TASK BRIEF:
The answer must be an exact reprint of the lines from the one with "Служба поддержки обещает" through the final line of the data, with no pictures included.

DATA:

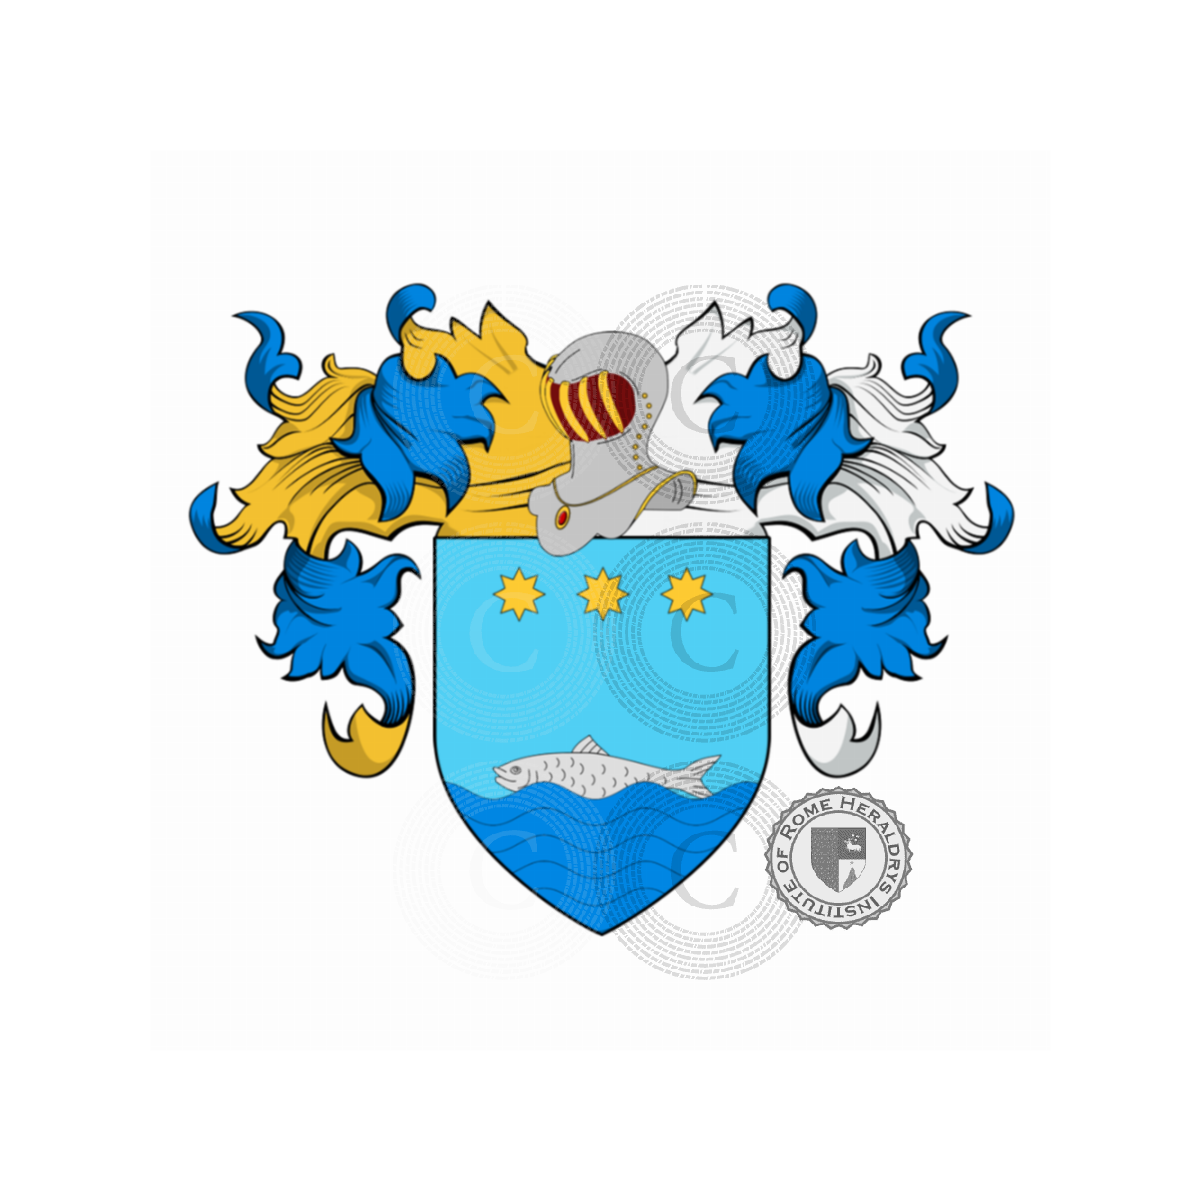 Coat of arms of familyImpellizzeri, Impellitieri,Impellizzeri,Pelizzer
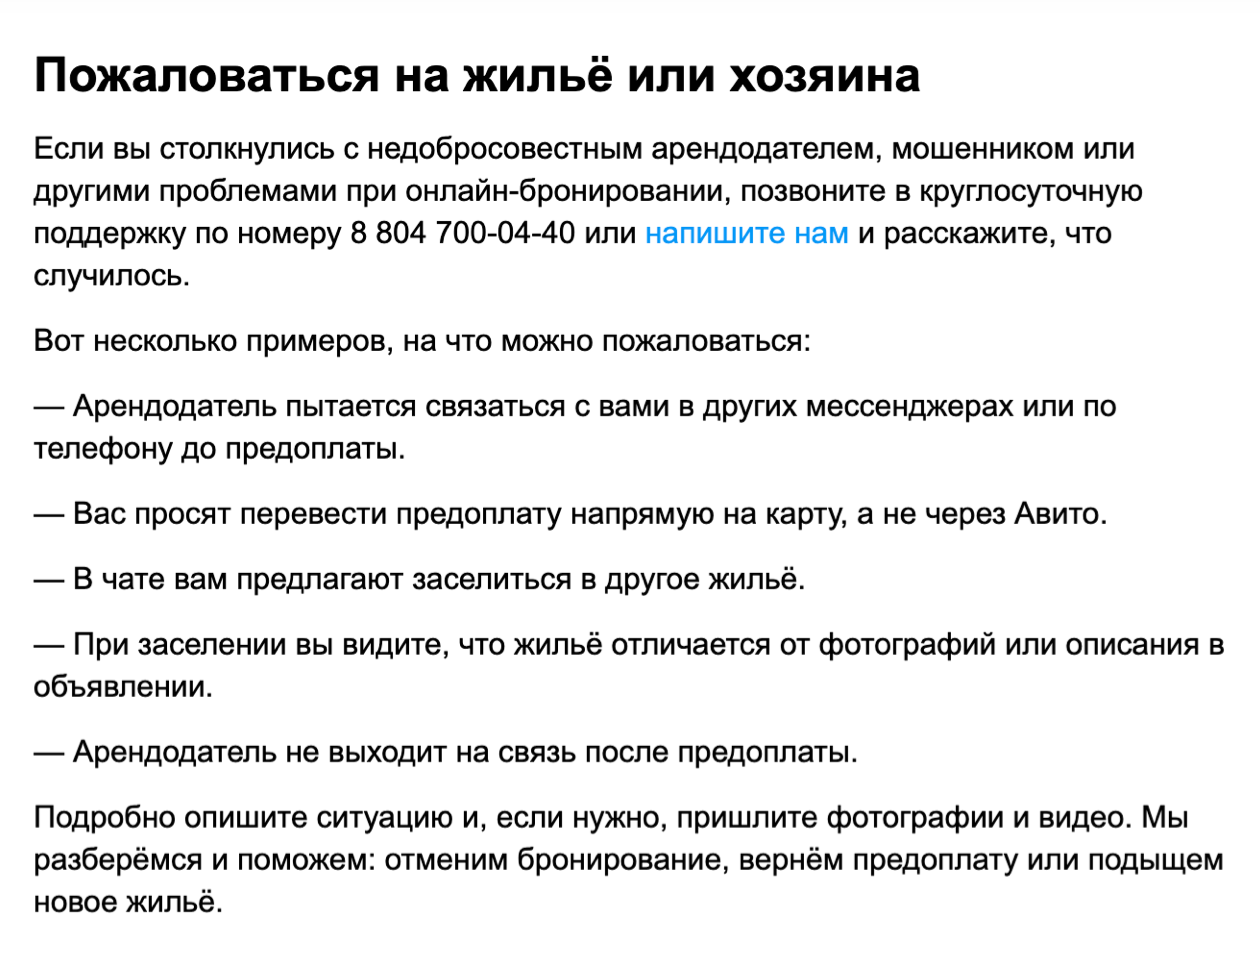 Служба поддержки обещает решать спорные вопросы между хозяевами и арендаторами. Источник: avito.ru
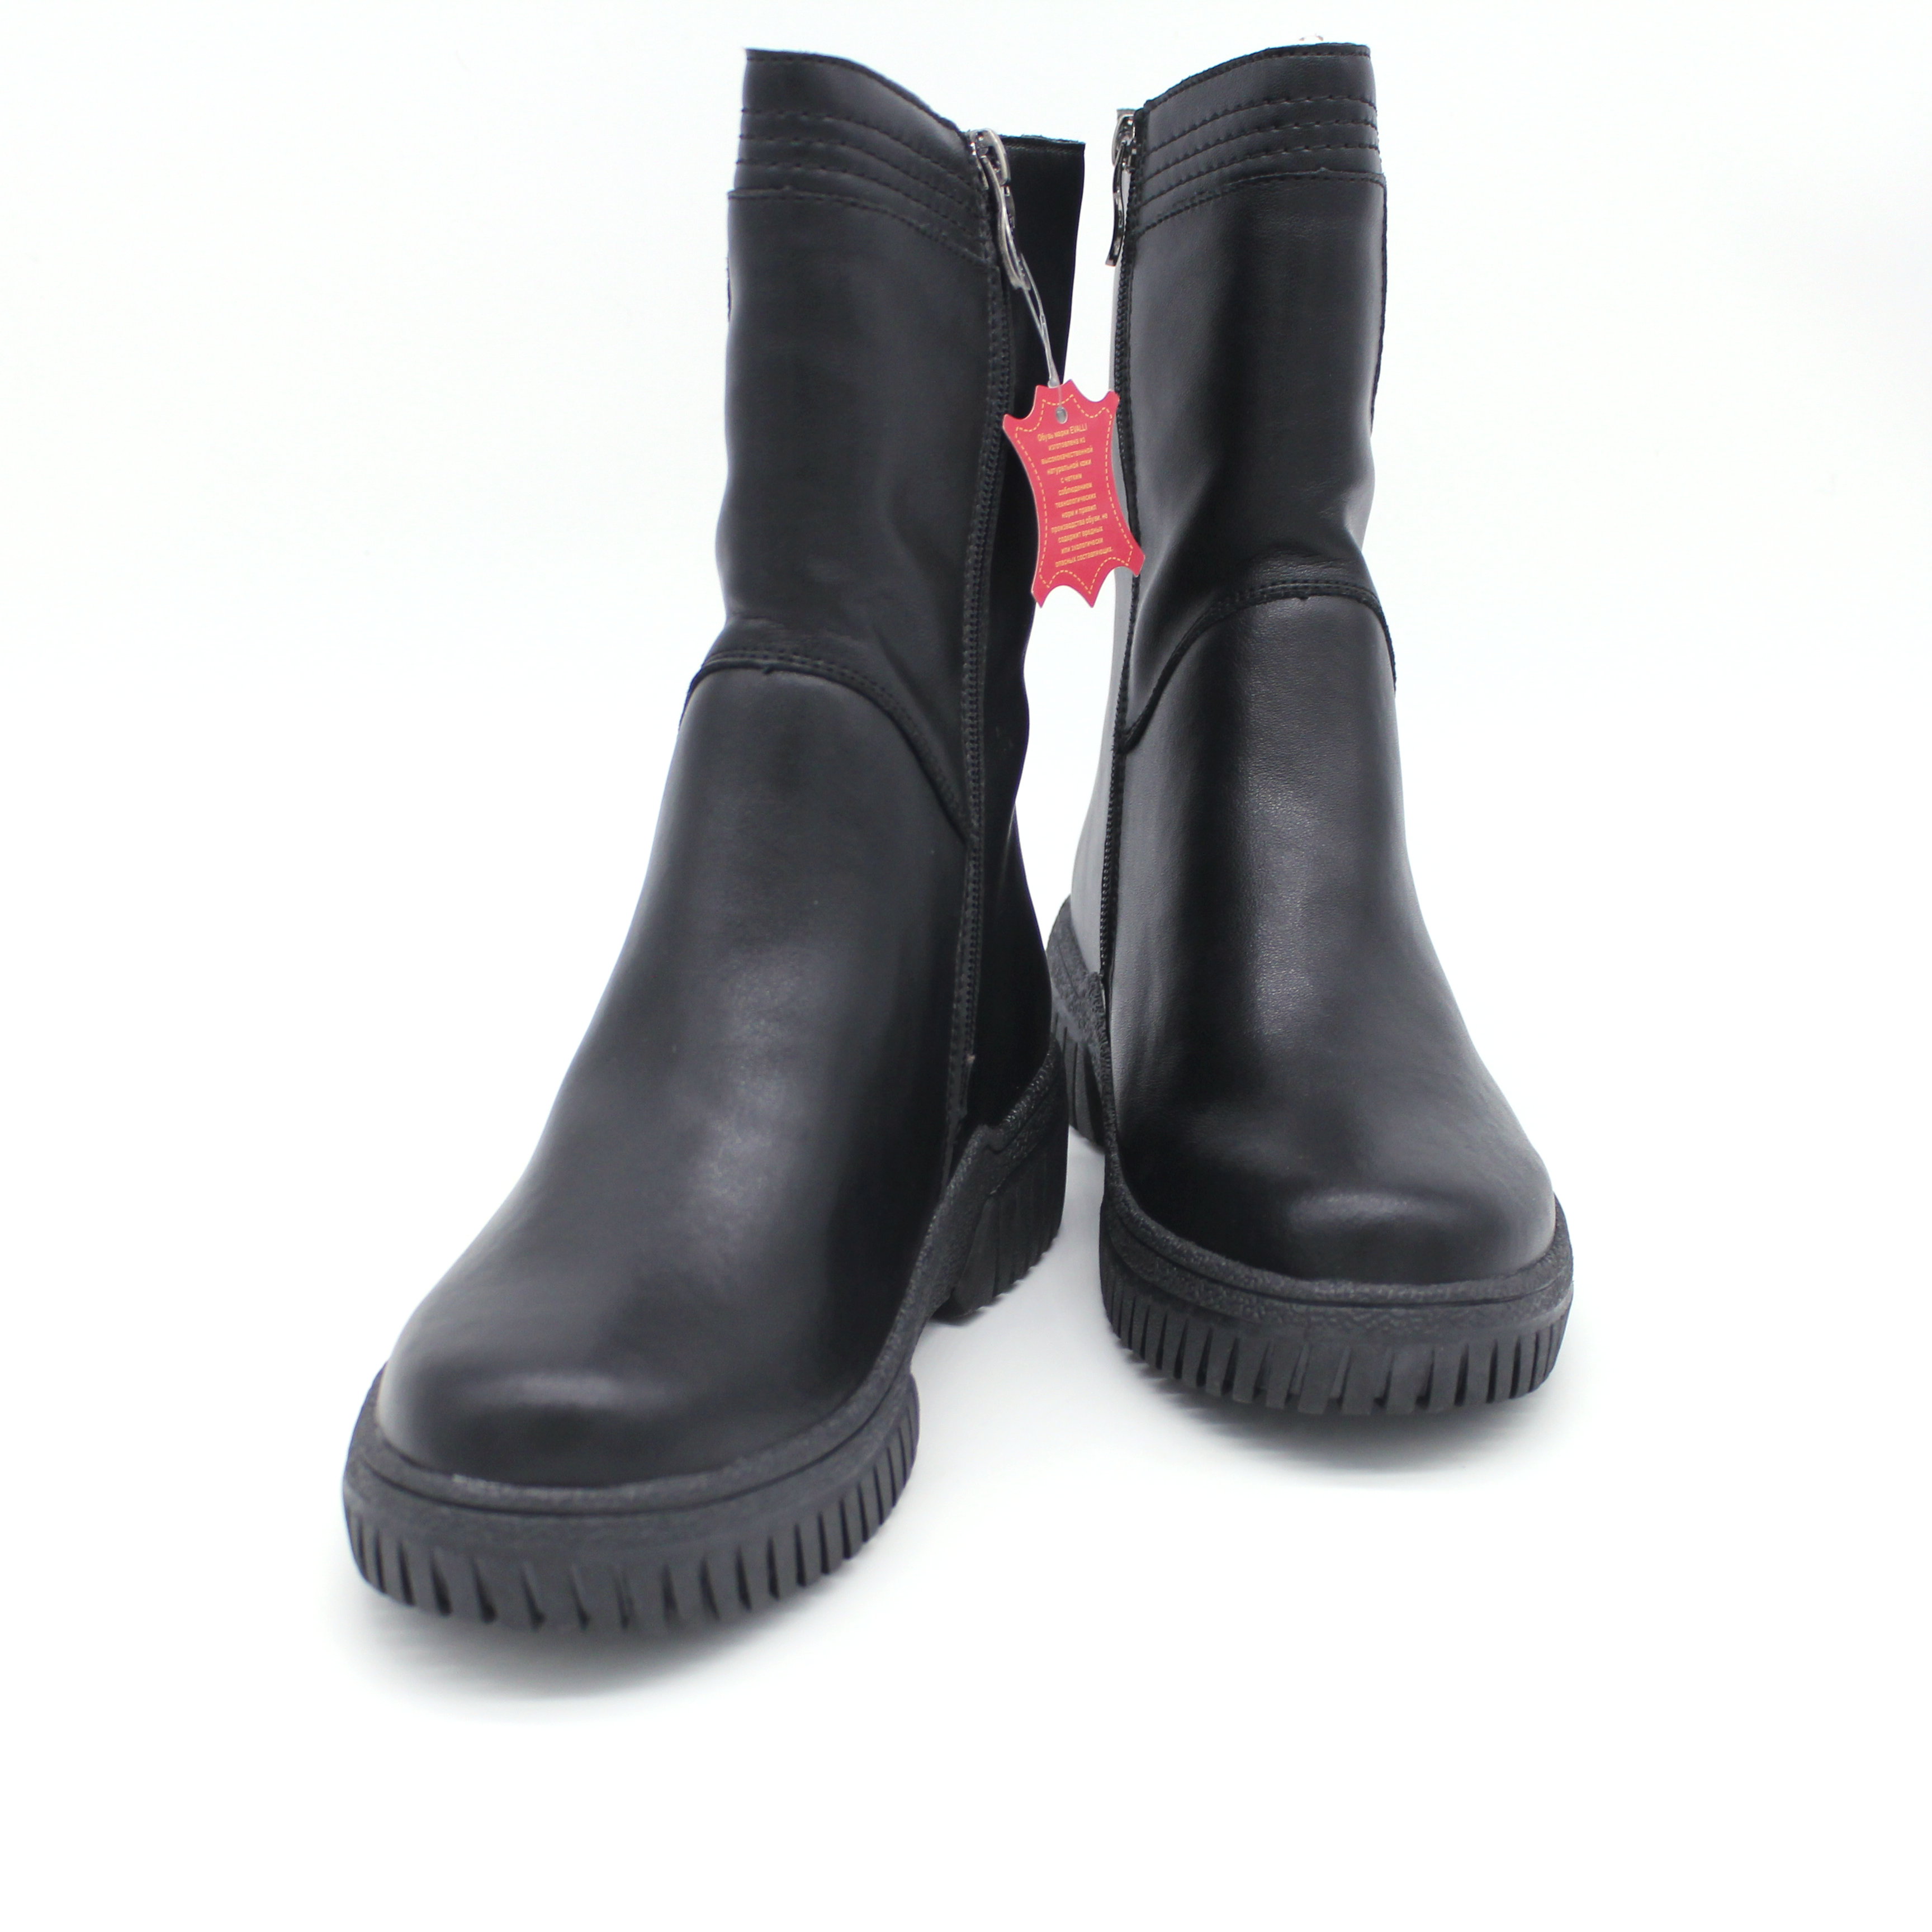 Полусапоги обувь женская зимняя W2 VVM3 1 Чёрный кожа мех

SOLUTION TO THIS EXERCISE:
 Служба поддержки обещает решать спорные вопросы между хозяевами и арендаторами. Источник: avito.ru
 Полусапоги обувь женская зимняя W2 VVM3 1 Чёрный кожа мех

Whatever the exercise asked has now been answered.